About this task
The whole listing below is to be copied exactly, with every picture left out.

Information provided

┌──

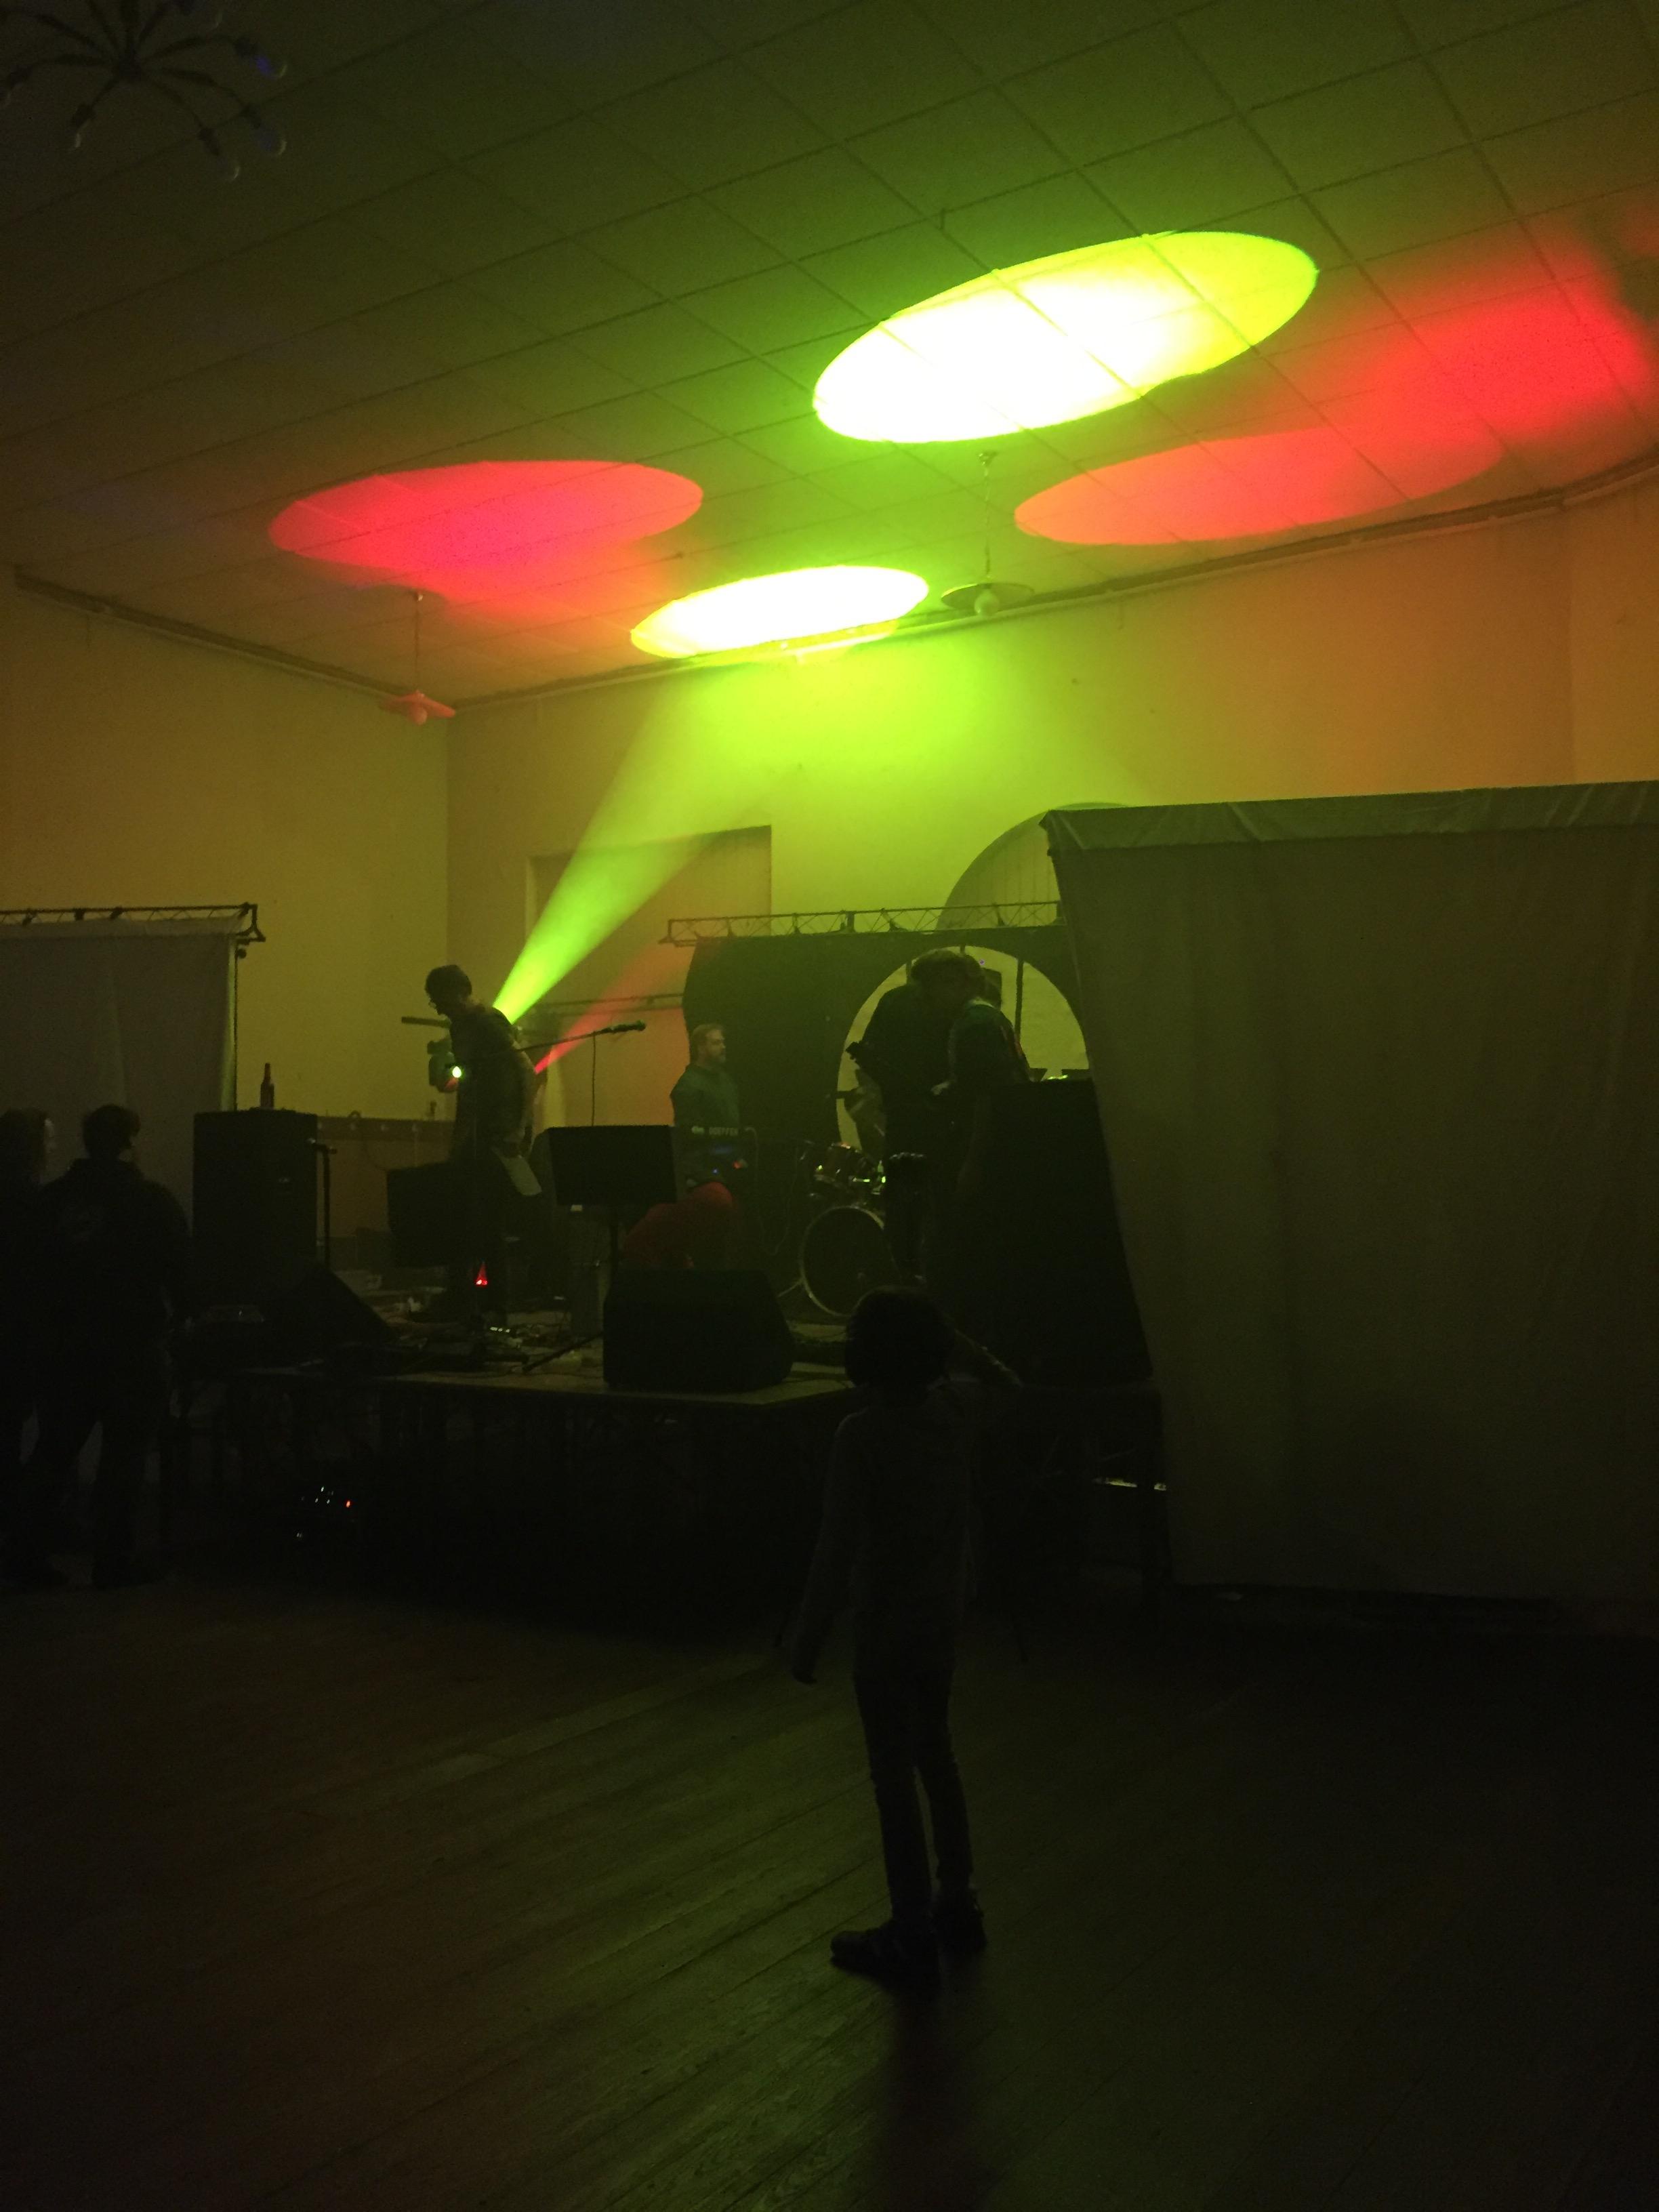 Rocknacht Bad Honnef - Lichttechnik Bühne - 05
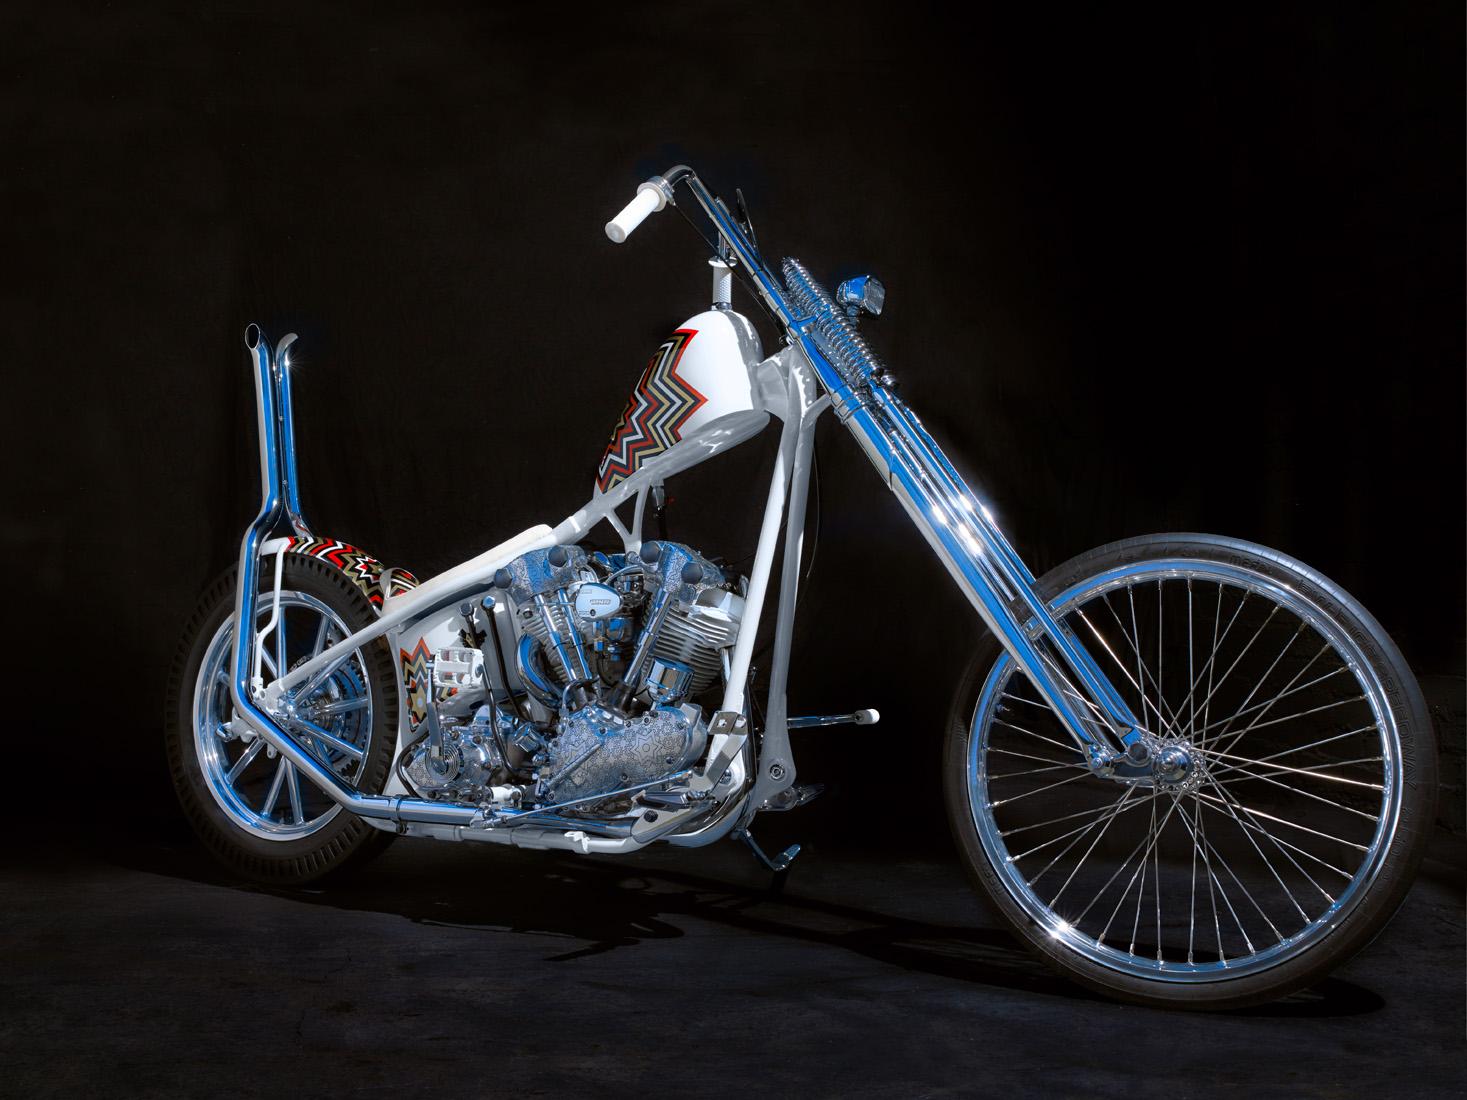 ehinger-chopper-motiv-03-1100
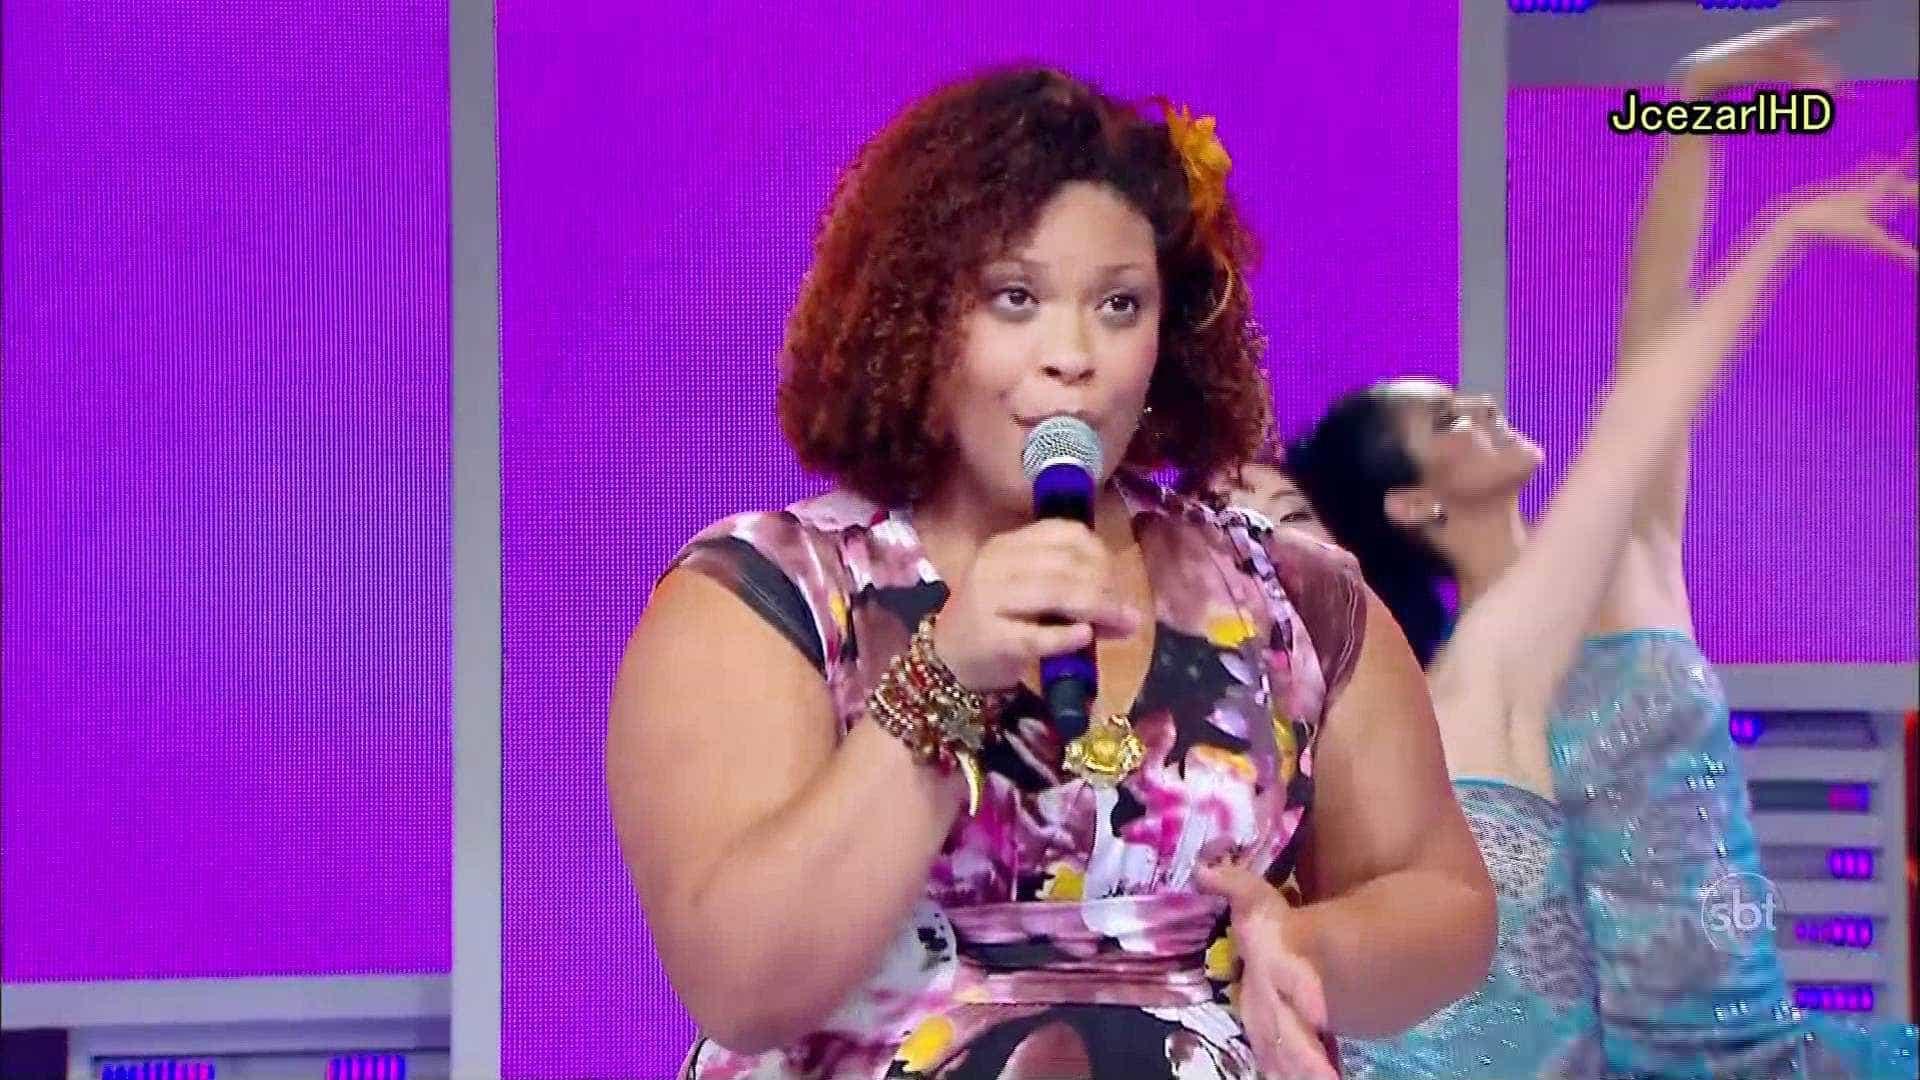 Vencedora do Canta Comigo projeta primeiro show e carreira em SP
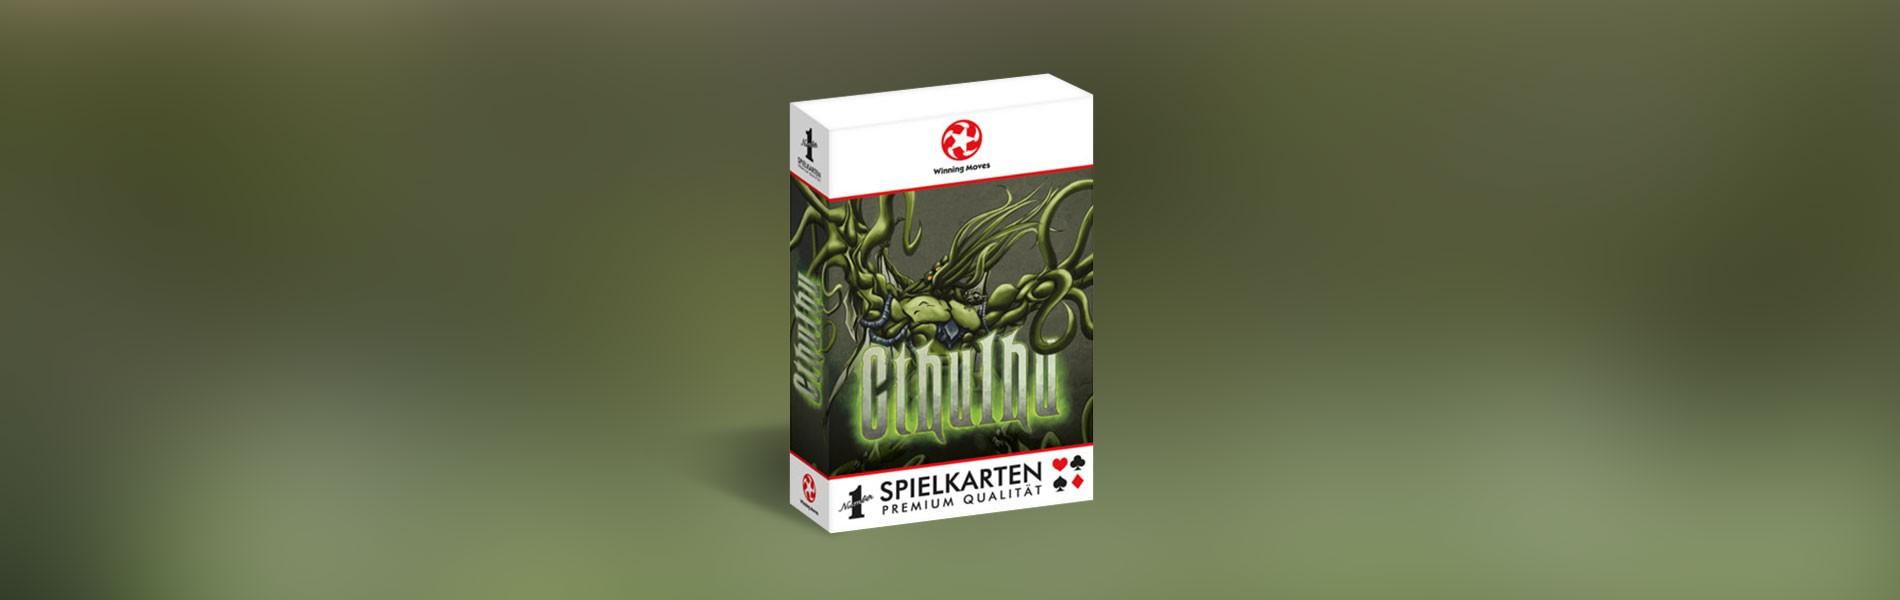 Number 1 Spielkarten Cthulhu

└──

Task solution
 Rocknacht Bad Honnef - Lichttechnik Bühne - 05
 ehinger-chopper-motiv-03-1100
 Vencedora do Canta Comigo projeta primeiro show e carreira em SP
 Number 1 Spielkarten Cthulhu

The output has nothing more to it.